Pursuant to SFAS No. 137, “Accounting for Derivative Instruments and Hedging Activities — Deferral of the Effective Date of FASB No. 133 — an Amendment to FASB Statement No. 133” the effective date of SFAS No. 133 has been deferred until fiscal years beginning after January 15, 2000. SFAS No. 133 cannot be applied retroactively. SFAS No. 133 must be applied to (a) derivative instruments and (b) certain derivative instruments embedded in hybrid contracts that were issued, acquired, or substantively modified after December 31, 1998 (and, at the company’s election, before January 1, 1999).
The Partnership has elected not to designate its derivatives as hedges under SFAS No. 133. Accordingly, the Partnership will record an asset equal to the fair value to settle the agreements and a corresponding credit in its statement of operations. Each quarter, the change in the market value of the Partnership’s derivatives will be recorded as other income or expense. During the six months ended June 30, 2001, the Partnership had no outstanding derivatives.
(3) In June 2001 the Financial Accounting Standards Board approved Statement of Financial Accounting Standard (SFAS) No. 141, “Business Combinations,” and SFAS No. 142, “Goodwill and Other Intangible Assets.” SFAS No. 141 prospectively prohibits the pooling of interest method of accounting for business combinations initiated after June 30, 2001. The authorization of existing goodwill will cease on December 31, 2001. Any goodwill resulting from acquisitions completed after June 30, 2001 will not be amortized.

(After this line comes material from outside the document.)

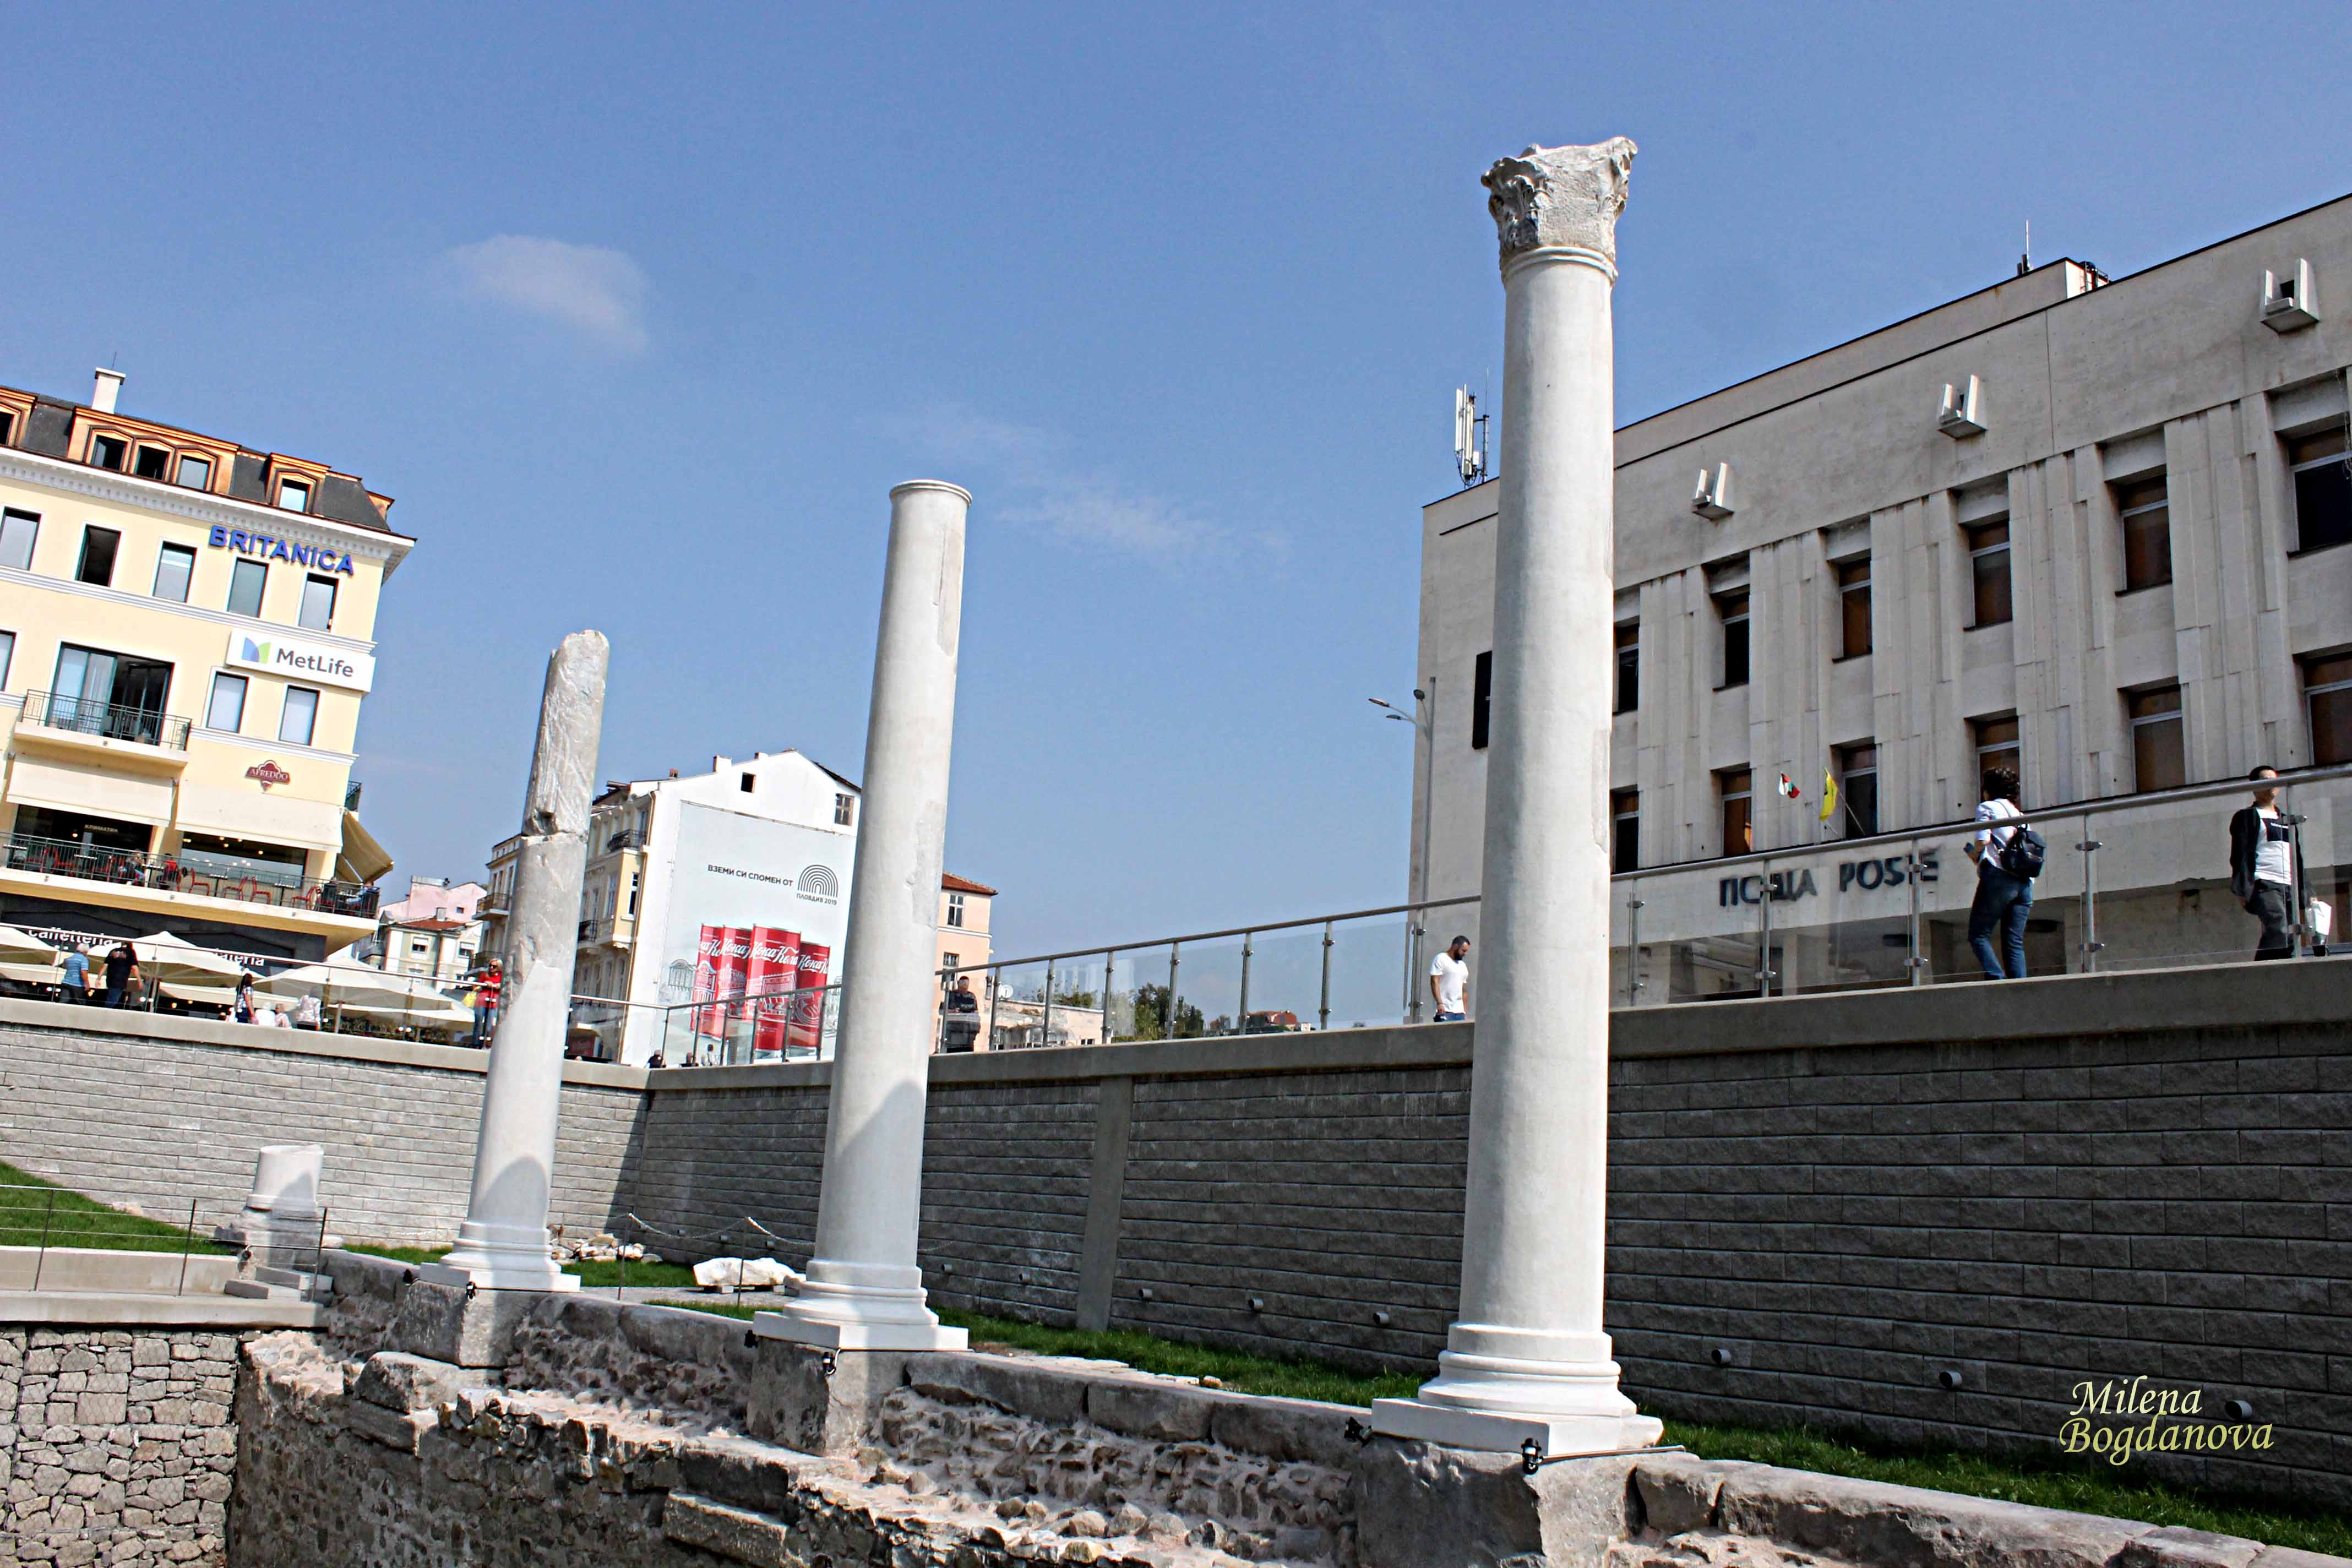 Пловдив: Действащ реновиран площад без Акт 16

SFAS No. 142 also establishes a new method of testing goodwill for impairment on an annual basis or on an interim basis if an event occurs or circumstances change that would more likely than not reduce the fair value of a reporting unit below its carrying value. The Partnership is in the process of evaluating the financial statement impact of adoption of SFAS No. 142.
(4) Under the terms of the Partnership’s revolving credit and term loan agreement, all amounts outstanding under the note payable become due and payable on September 30, 2001. The Partnership’s continuing operations will not provide sufficient liquidity to satisfy this obligation at its stated maturity. Management believes an agreement by the lenders to extend the maturity date would be contingent upon the approval of the limited partners to extend the expiration of the Partnership’s life, which currently expires on December 31, 2001.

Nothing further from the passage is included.